The core of the Enlight256 processor is optical, and the input and output information is presented in electronic form. The core consists of 256 VCSEL lasers, a spatial light modulator, a set of lenses and radiation receivers that form the Vector-Matrix Multiplication (VMM) matrix, which converts electrical information into light, then makes the necessary transformations of this information, directing light through a programmable internal Optics. The output radiation is registered by the receivers and converted again into an electrical signal. In Fig. 15 is a diagram of the operation of the core of this processor.
Inside its "calculational core," there is a parallel counting machine with a specialized architecture, optimal for performing the task of multiplying the matrix by a vector. For one clock, 8 ns duration, the Enlight256 processor is able to multiply a vector of 256 elements into a 256 Ч 256 matrix. Lenslet developers have limited the range of values of vector and matrix elements to 256, corresponding to traditional 8-bit integers. Thus, the performance of the Enlight256 processor is 8 · 1012 operations per second: for one clock cycle (8 ns) the processor multiplies the 256-byte vector by 256 Ч 256-byte matrix. Each element of the input vector is projected onto the column of the matrix. Each row of the matrix is projected onto one detector in the result (output) vector. The programming of the optical digital signal processor consists in changing the transmission values of the cells of the spatial modulator. Loading an application (or data inside a separate application) is done by replacing the matrix values in the spatial modulator (Fig. 18).
The optical matrix of VMM consists of three main elements:
1. Line of the 256 semiconductor VCSEL lasers, which are represented as a vector, which consists of 256 members and is one of the "registers" of the optical arithmetic logic unit, each element of which – is the number of 8 bits.
2. Control the light flux integrated-optical device based on GaAs / GaAlAs semiconductor quantum well structures (Multiple Quantum Well), which consists of a matrix of 256 Ч 256 spatial modulator working in reflection.
3. Lines of light photodetectors 256, which are integrated in an array of analog-to-light conversion (Analog to Digital Converters).
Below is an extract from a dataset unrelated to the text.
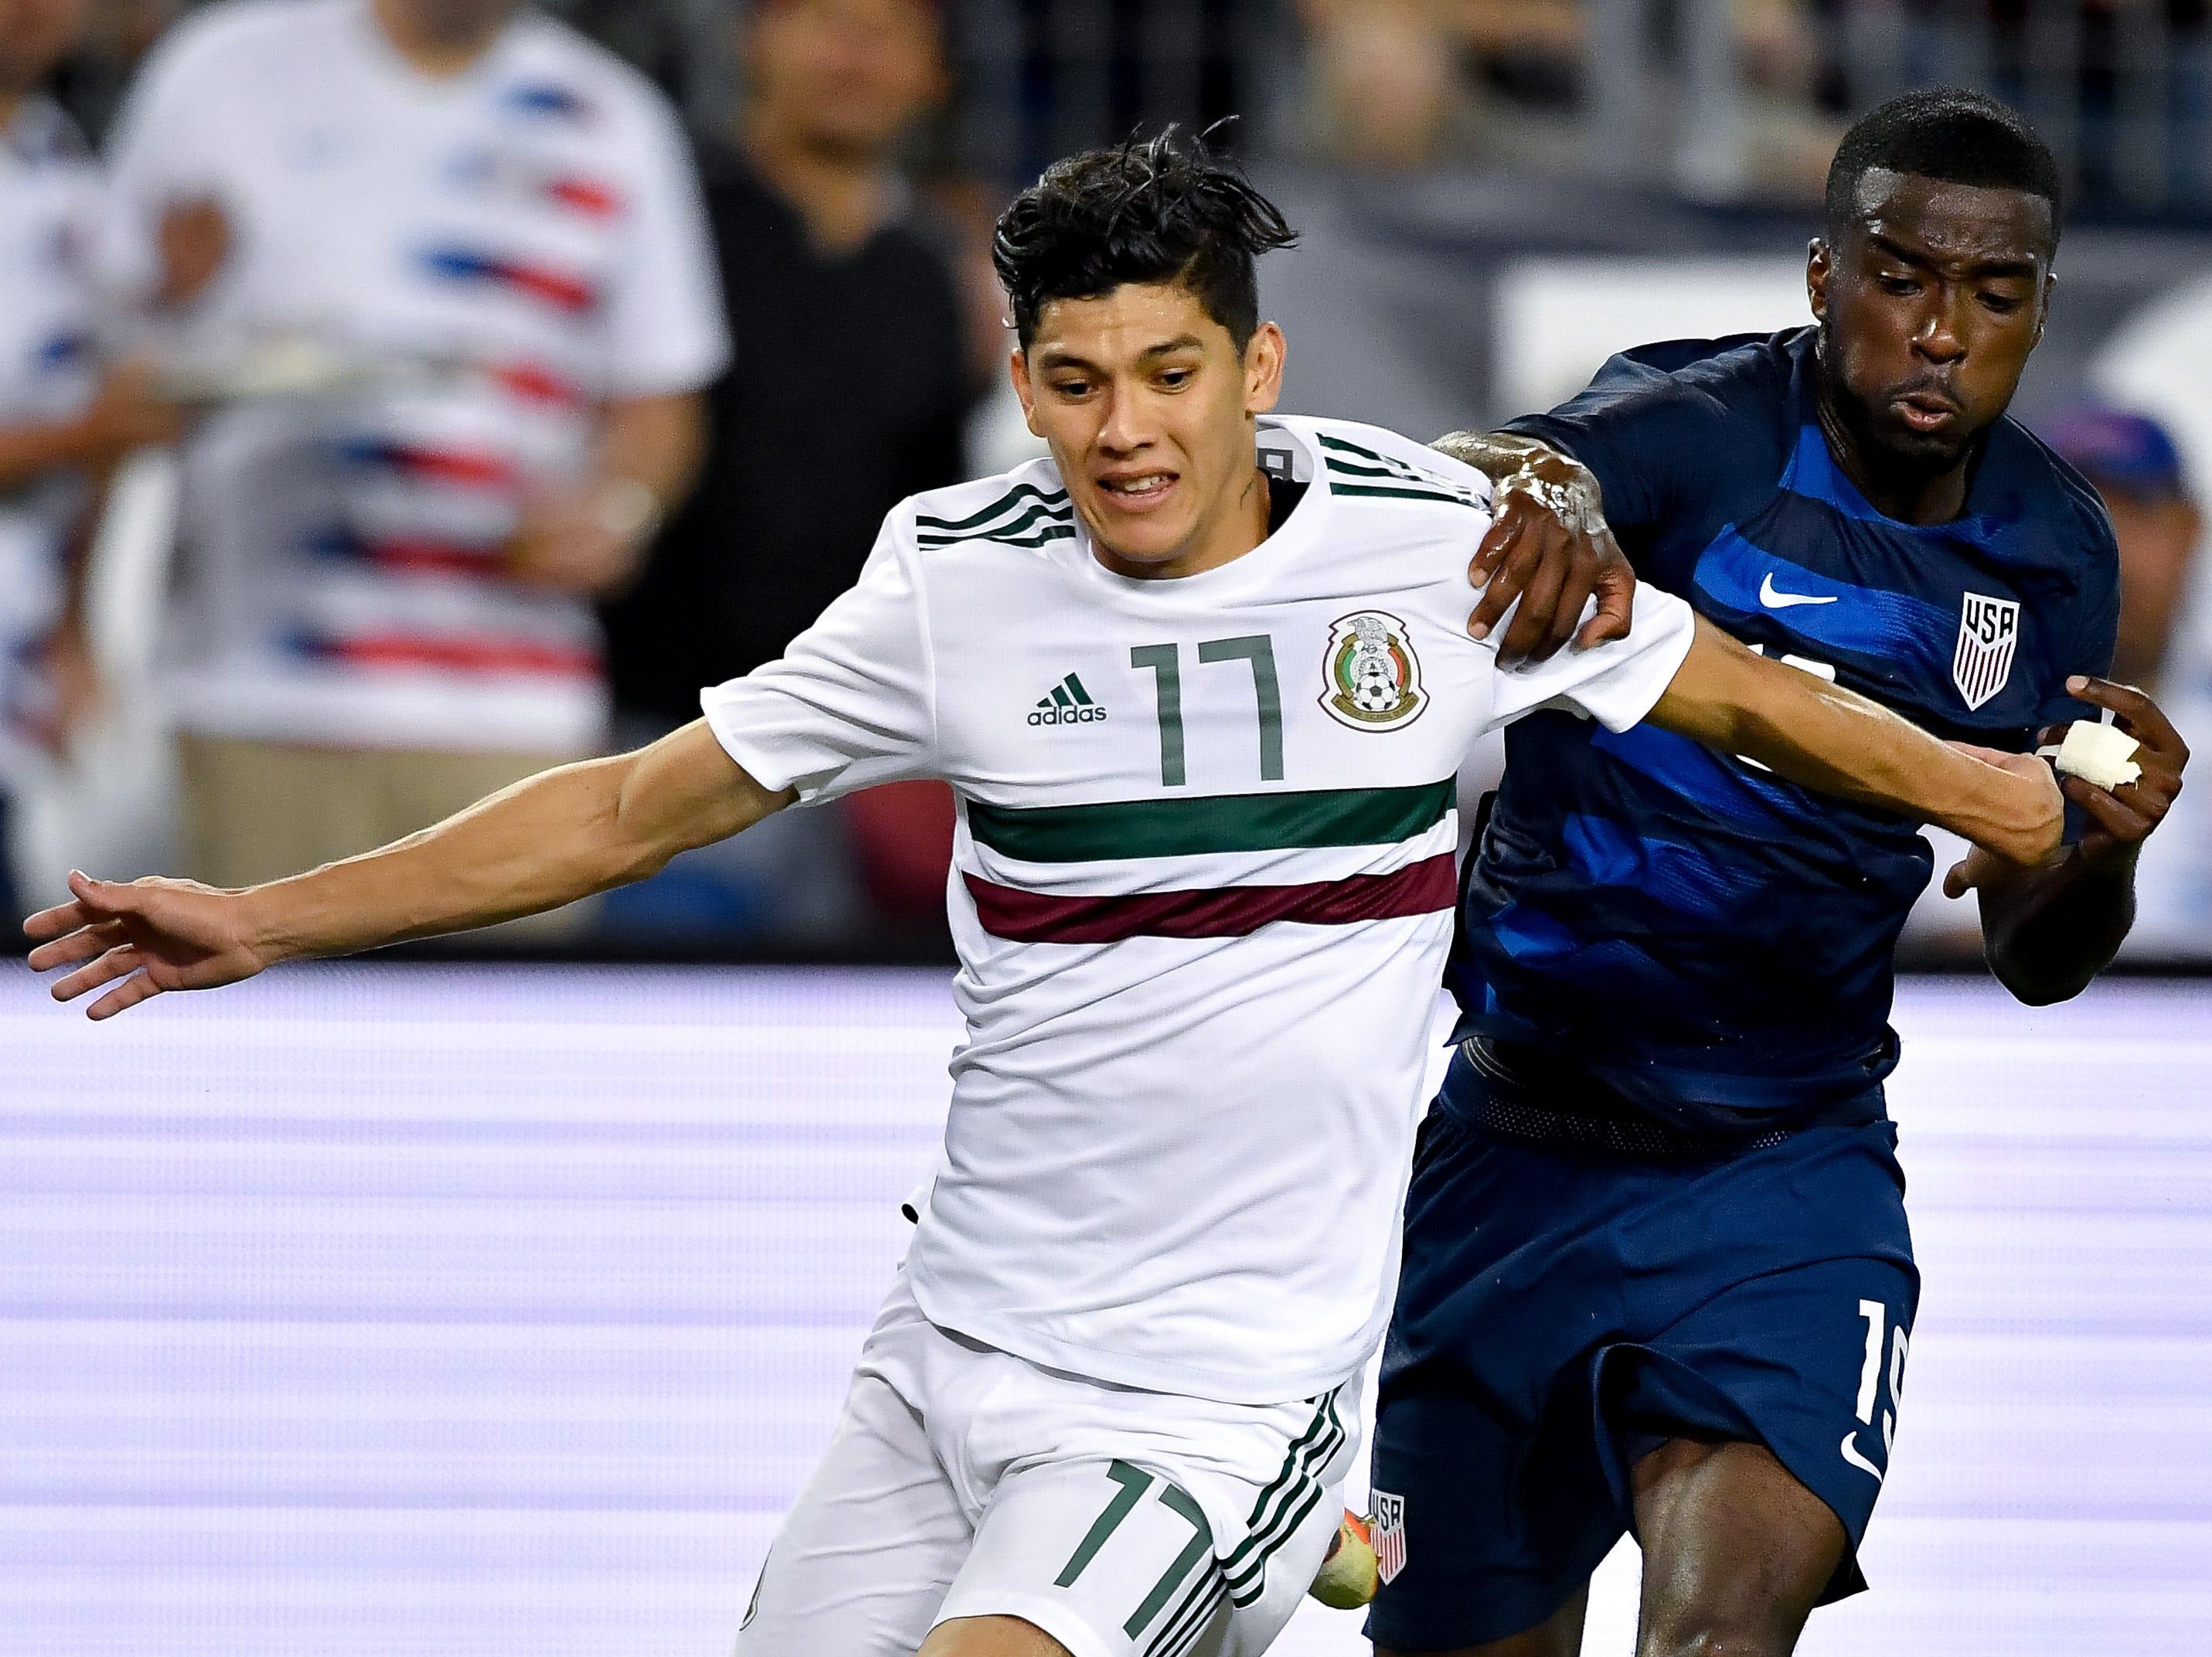 Mexico defender Gerardo Arteaga (17) battles USA defender Shaq Moore (19) during the first half at Nissan Stadium in Nashville, Tenn., Tuesday, Sept. 11, 2018.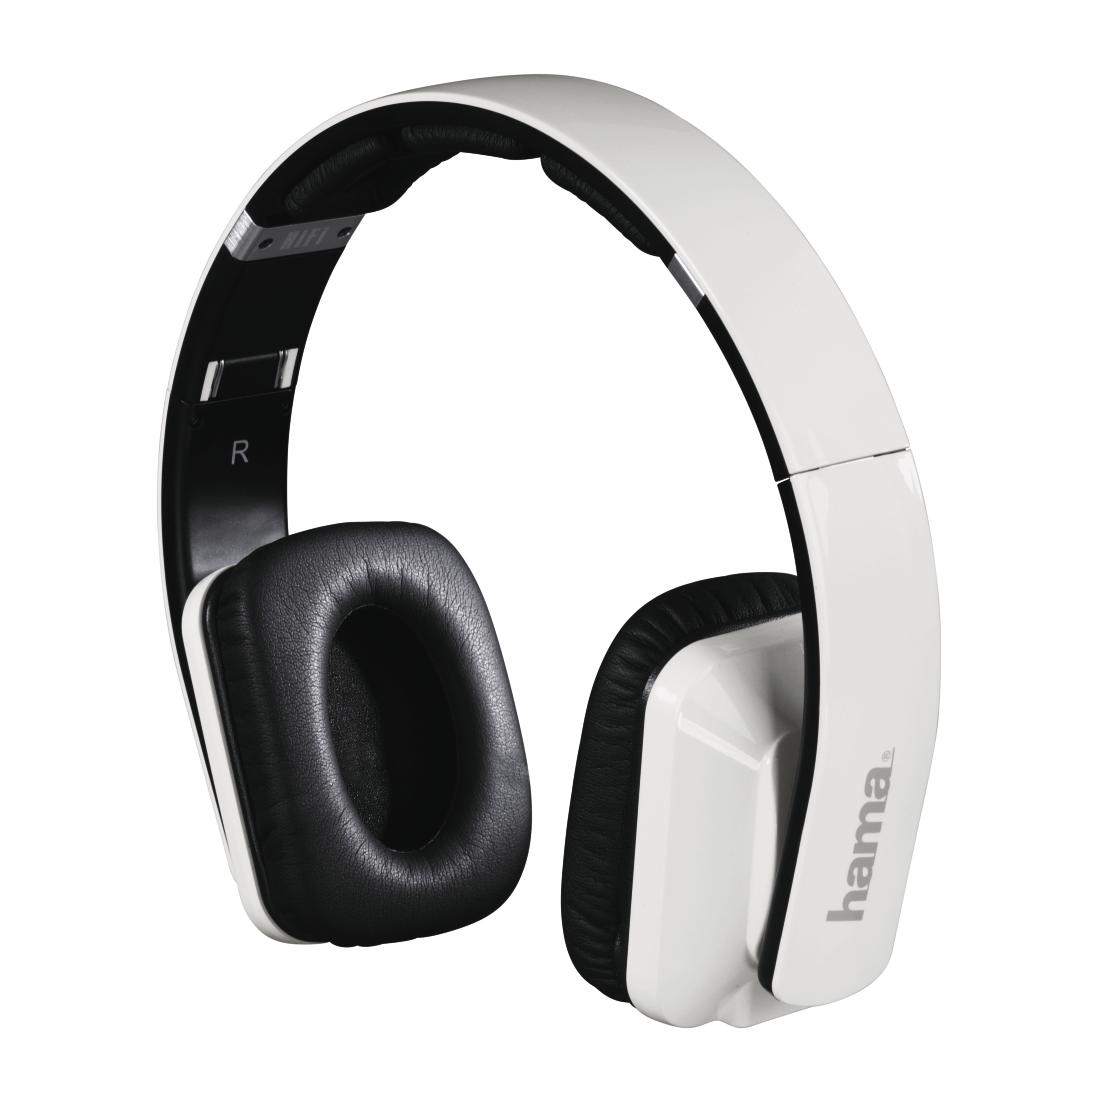 00015664 hama bluetooth stereo headset revolution wei. Black Bedroom Furniture Sets. Home Design Ideas

EnLight256 is already used for applications requiring high performance, such as a processor of the type capable of real-time process up to 15 video channels HDTV standard. It can be used for voice recognition, human faces, and image processing, etc. The device is ideal for use in military radar high resolution, as is able to process the data from the array antennas. In addition, EnLight256 dimensions (15 Ч 15 Ч 7 cm3) allow you to place it on the vehicle.
CONCLUSION
Not only transistor, which is being developed, also it is possible to use the existing systems and elements for realizing optical computers: generators – semiconductor and fiber lasers, amplifiers (fiber or metal-balls resonators), it’s also possible to construct a fiber capacitor, which will work as an electronics’ one for an alternating signal. These devices are necessary for the creation of new systems – photonic ADCs, processors, which can multiply a vector by a matrix and for perspective digital calculating machines, the next generation of which should be photonic integrated circuits, which are developed faster every year and get more and more investors.
In devices related to modern photonics, the signal carrier is an electromagnetic wave of the optical range, which can be modulated at a much higher rate than in the radio range. As in traditional radio electronics, the photonic element base has components such as a generator (most often it is a fiber or semiconductor laser); amplifier; connection lines, which can be waveguides; also photo detectors for converting an optical signal into an electrical signal. For the construction of optical calculating machines we need a logical element, with the oportunity to realize a tact (to change the state, when necessary, for example, write 1, read 1, delete 1, write 0, read 0, delete 0).
ADVANTAGES OF PHOTONICS
The technology of creating silicon integrated calculating elements and circuits with very small dimensions and high information processing speeds has approached a certain limit. This explains the interest in photonic integrated circuits, on the basis of which it is possible to create THz calculating machines [1, 2].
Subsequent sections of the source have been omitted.